In [None]:

import os
import sys
import math
import random
import numpy as np
import matplotlib.pyplot as plt

%matplotlib inline

import tensorflow as tf
from tensorflow.keras import models, layers, optimizers
from tensorflow.keras.datasets import imdb
from tensorflow.keras.preprocessing import sequence
from tensorflow.keras.layers import Embedding, Dense, Flatten, LSTM, Bidirectional, Dropout

print("Python version:", sys.version)
print("TensorFlow version:", tf.__version__)
print("GPU devices:", tf.config.list_physical_devices("GPU"))


In [None]:
# IMDB 数据集配置
MAX_FEATURES = 10000   # 使用最常见的前 10,000 个单词
MAXLEN_DEFAULT = 200   # 默认序列长度

# 为了训练速度，我们只使用部分样本
N_TRAIN_SAMPLES = 20000
N_TEST_SAMPLES  = 10000

BATCH_SIZE = 128

# 嵌入层实验用的超参数候选（实验 1-1）
MAXLEN_LIST = [100, 200, 300]     # 不同的样本长度
EMBED_DIM_LIST = [8, 16, 32]      # 不同的词向量维度
EPOCHS_EMBED = 5                  # 每个组合训练轮数

# RNN 实验（实验 2）超参数
MAXLEN_RNN = 200
EMBED_DIM_RNN = 32
EPOCHS_RNN = 5                    # LSTM / 堆叠 LSTM / BiLSTM 的训练轮数

print("MAX_FEATURES:", MAX_FEATURES)
print("N_TRAIN_SAMPLES:", N_TRAIN_SAMPLES, "N_TEST_SAMPLES:", N_TEST_SAMPLES)


In [None]:
# num_words=MAX_FEATURES: 只保留词频最高的 MAX_FEATURES 个单词
(x_train_raw, y_train_raw), (x_test_raw, y_test_raw) = imdb.load_data(num_words=MAX_FEATURES)

print("原始训练集大小:", len(x_train_raw))
print("原始测试集大小:", len(x_test_raw))

# 为了节省时间，截取前 N_TRAIN_SAMPLES / N_TEST_SAMPLES 条样本
x_train_raw = x_train_raw[:N_TRAIN_SAMPLES]
y_train_raw = y_train_raw[:N_TRAIN_SAMPLES]
x_test_raw  = x_test_raw[:N_TEST_SAMPLES]
y_test_raw  = y_test_raw[:N_TEST_SAMPLES]

print("使用的训练集大小:", len(x_train_raw))
print("使用的测试集大小:", len(x_test_raw))
print("示例原始序列（前 1 条）:", x_train_raw[0][:20], "...")


In [None]:
def plot_history(history, title_prefix=""):
    """绘制 accuracy / loss 曲线。
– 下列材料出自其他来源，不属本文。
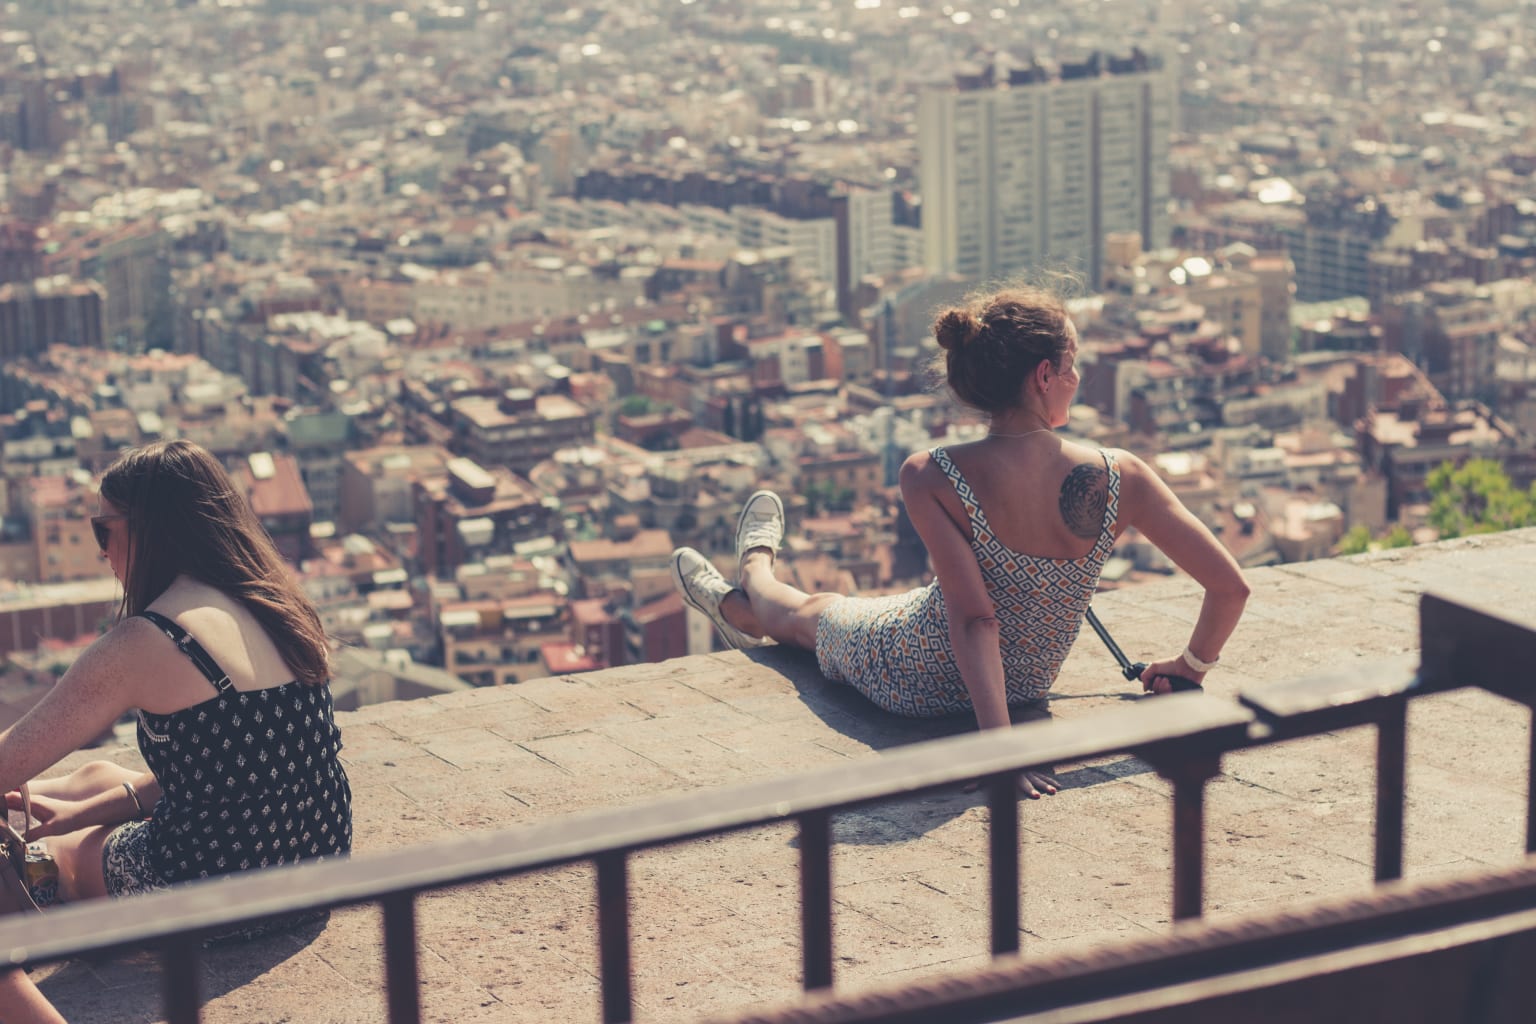 Girls sitting on ledge.

"""
    acc = history.history.get("acc") or history.history.get("accuracy")
    val_acc = history.history.get("val_acc") or history.history.get("val_accuracy")
    loss = history.history.get("loss")
    val_loss = history.history.get("val_loss")

    epochs = range(1, len(acc) + 1)

    plt.figure()
    plt.plot(epochs, acc, "bo", label="Training acc")
    plt.plot(epochs, val_acc, "b", label="Validation acc")
    plt.title(f"{title_prefix} Training and validation accuracy")
    plt.legend()

    plt.figure()
    plt.plot(epochs, loss, "bo", label="Training loss")
    plt.plot(epochs, val_loss, "b", label="Validation loss")
    plt.title(f"{title_prefix} Training and validation loss")
    plt.legend()

    plt.show()


## 词嵌入进行电影评论分类

In [None]:
def build_embedding_model(maxlen, embedding_dim):
    """构建一个 Embedding + Flatten + Dense 的简单网络。"""
    model = models.Sequential()
    model.add(Embedding(MAX_FEATURES, embedding_dim, input_length=maxlen))
    model.add(Flatten())
    model.add(Dense(1, activation="sigmoid"))
    model.compile(
        optimizer="rmsprop",
        loss="binary_crossentropy",
        metrics=["acc"]
    )
    return model


In [None]:
results_embed = []

for maxlen in MAXLEN_LIST:
    # 对当前 maxlen 重新进行 padding
    x_train = sequence.pad_sequences(x_train_raw, maxlen=maxlen)
    x_test  = sequence.pad_sequences(x_test_raw,  maxlen=maxlen)
    print("\n=== 当前样本长度 maxlen =", maxlen, "===")
    print("x_train shape:", x_train.shape, "x_test shape:", x_test.shape)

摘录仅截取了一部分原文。